And so it happened here. When Ingold paused, raising his eyebrows at her intaken breath, her words jammed in her throat, like a stutter, or like tears that refused to be wept, and she could not remember whether she had dreamed about such a thing or not. She shook her head, embarrassed, and was deeply thankful when Ingold only nodded and said, “Interesting.”
And she thought, almost as if she heard a voice saying it in the back of her mind, It will appear at the window. She didn’t know what it was, but she automatically checked her hand’s distance from the sword that lay next to her blankets and mentally triangulated on where Ingold’s back would be when he turned his head. Her mind was starting to protest, … like Sherry Reinhold … when Yoshabel threw up her head and squealed in terror.
Ingold swung around; Gil came out of her blankets like a coiled spring, catching up the scabbarded blade and drawing in a single fluid, killing move.
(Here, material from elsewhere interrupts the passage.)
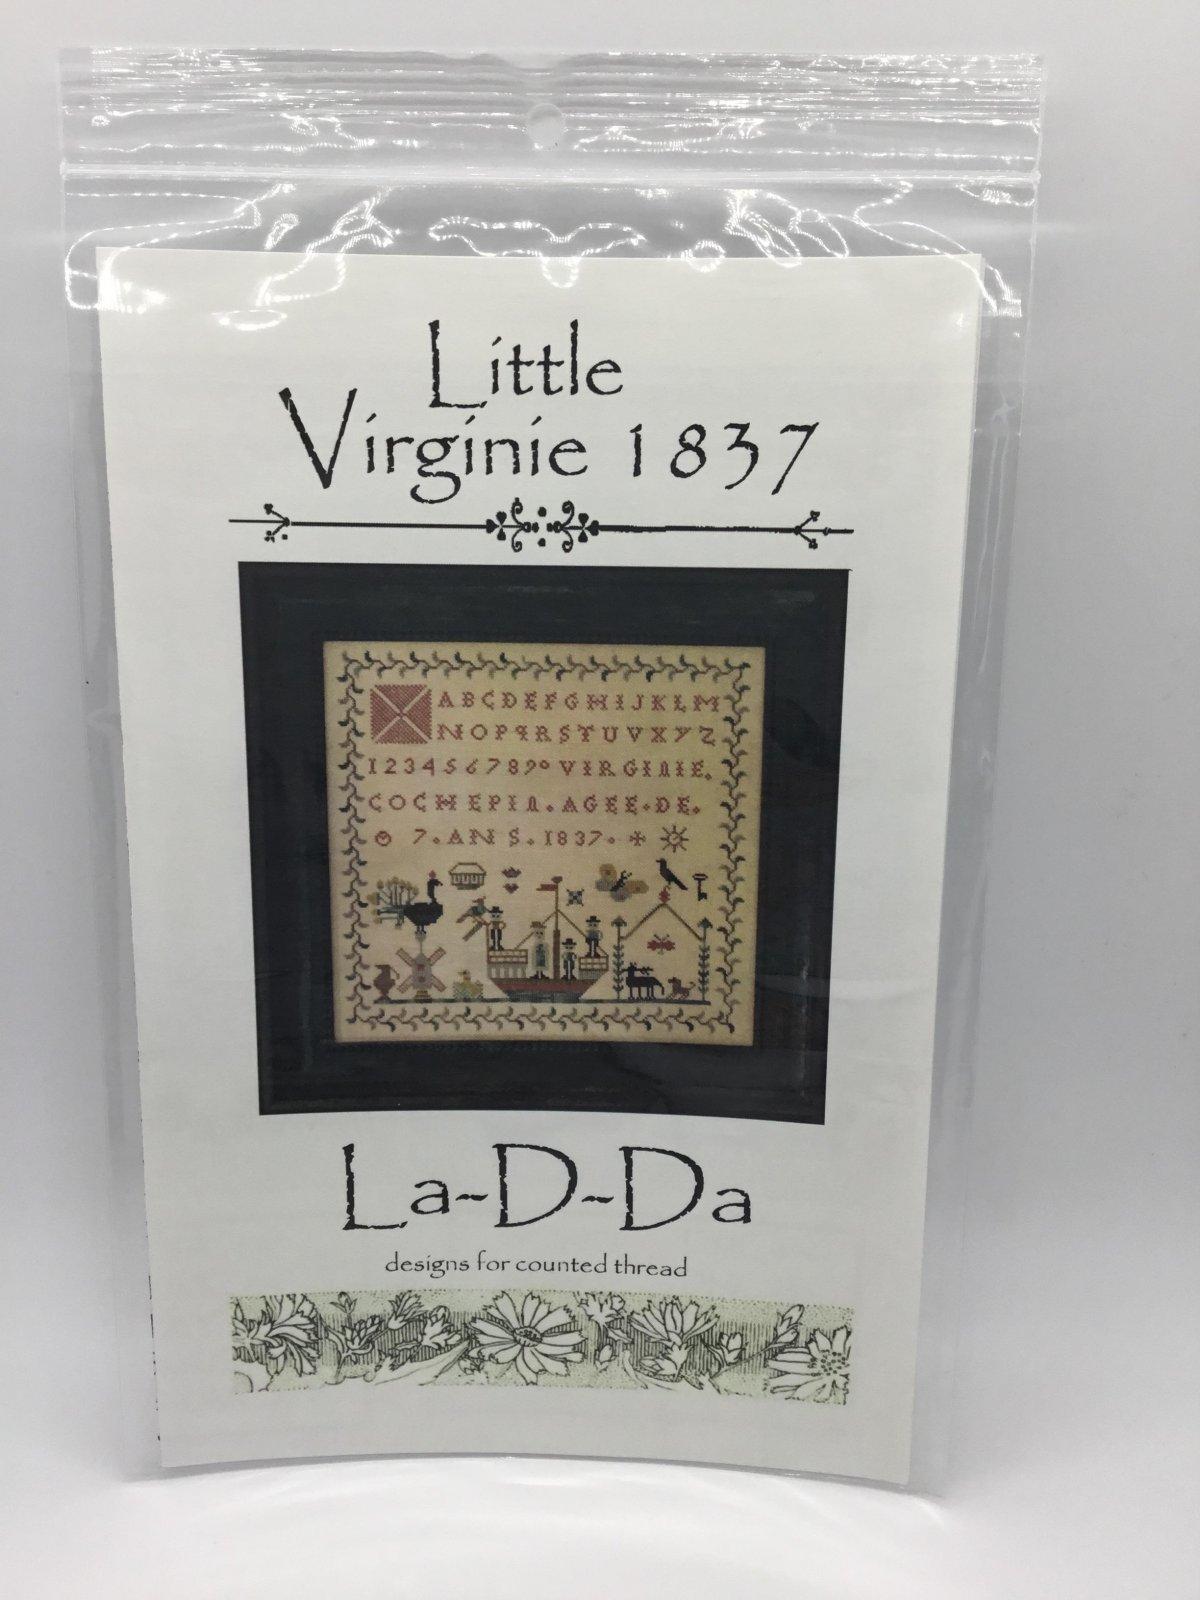 Little Virginia 1837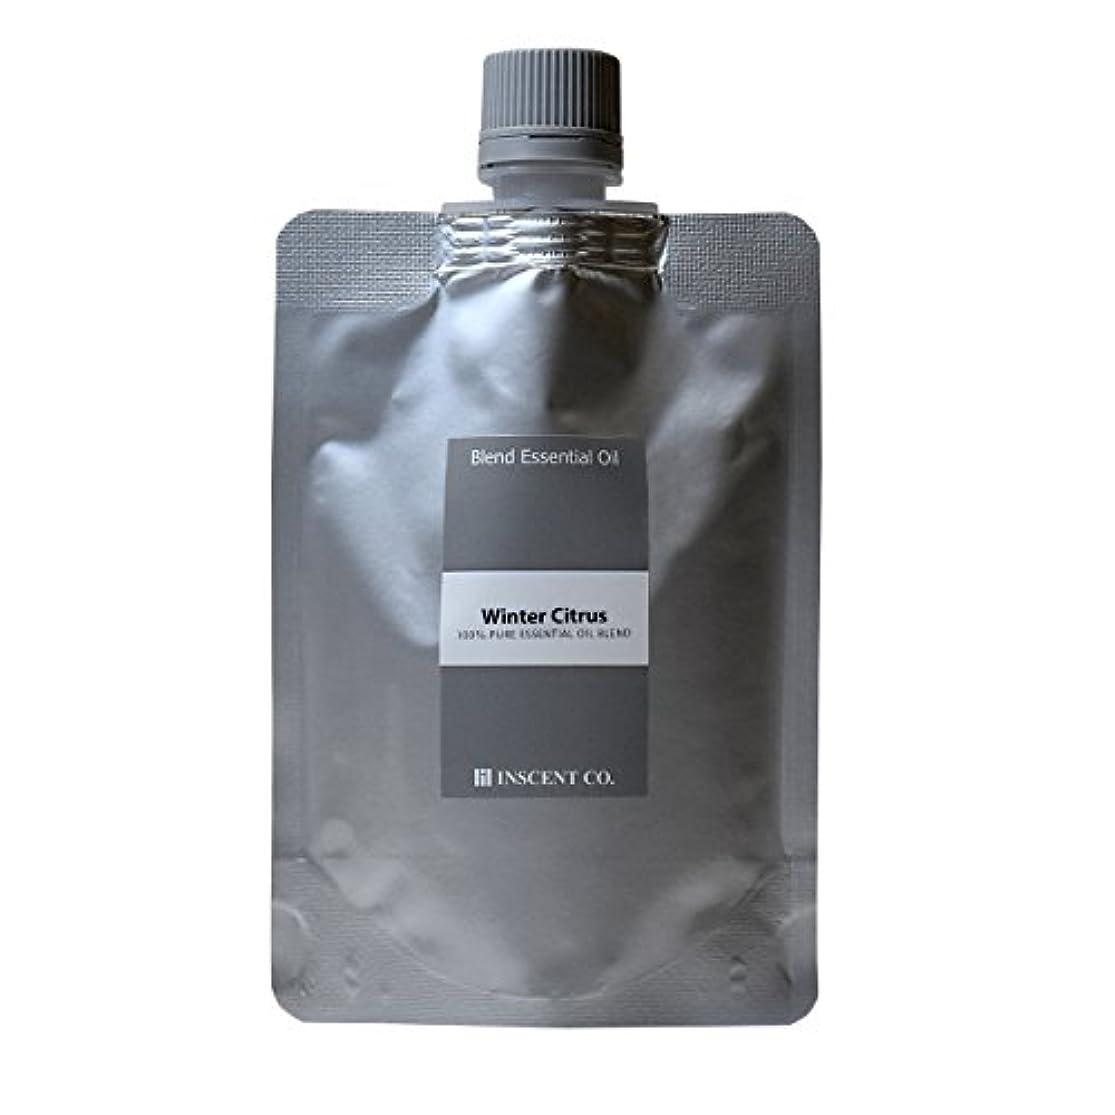 不適タンク裂け目(詰替用 アルミパック) アロマ ブレンド ウインターシトラス 50ml インセント アロマオイル

She had a dim awareness of something large and pale clinging to the lattice with limbs more like pincers than claws, of a round fanged mouth where no mouth should be and of a wet flopping sound, all subsumed by the vicious calculation of target and stroke. She wrenched the blade around and drove it into the dirt with a chop that nearly dislocated her wrists, hardly aware that she cried out as she did so, only knowing afterward, as she stood shaking like a spent runner with her hair hanging in her eyes, that her throat hurt and the painted walls were echoing with an animal scream.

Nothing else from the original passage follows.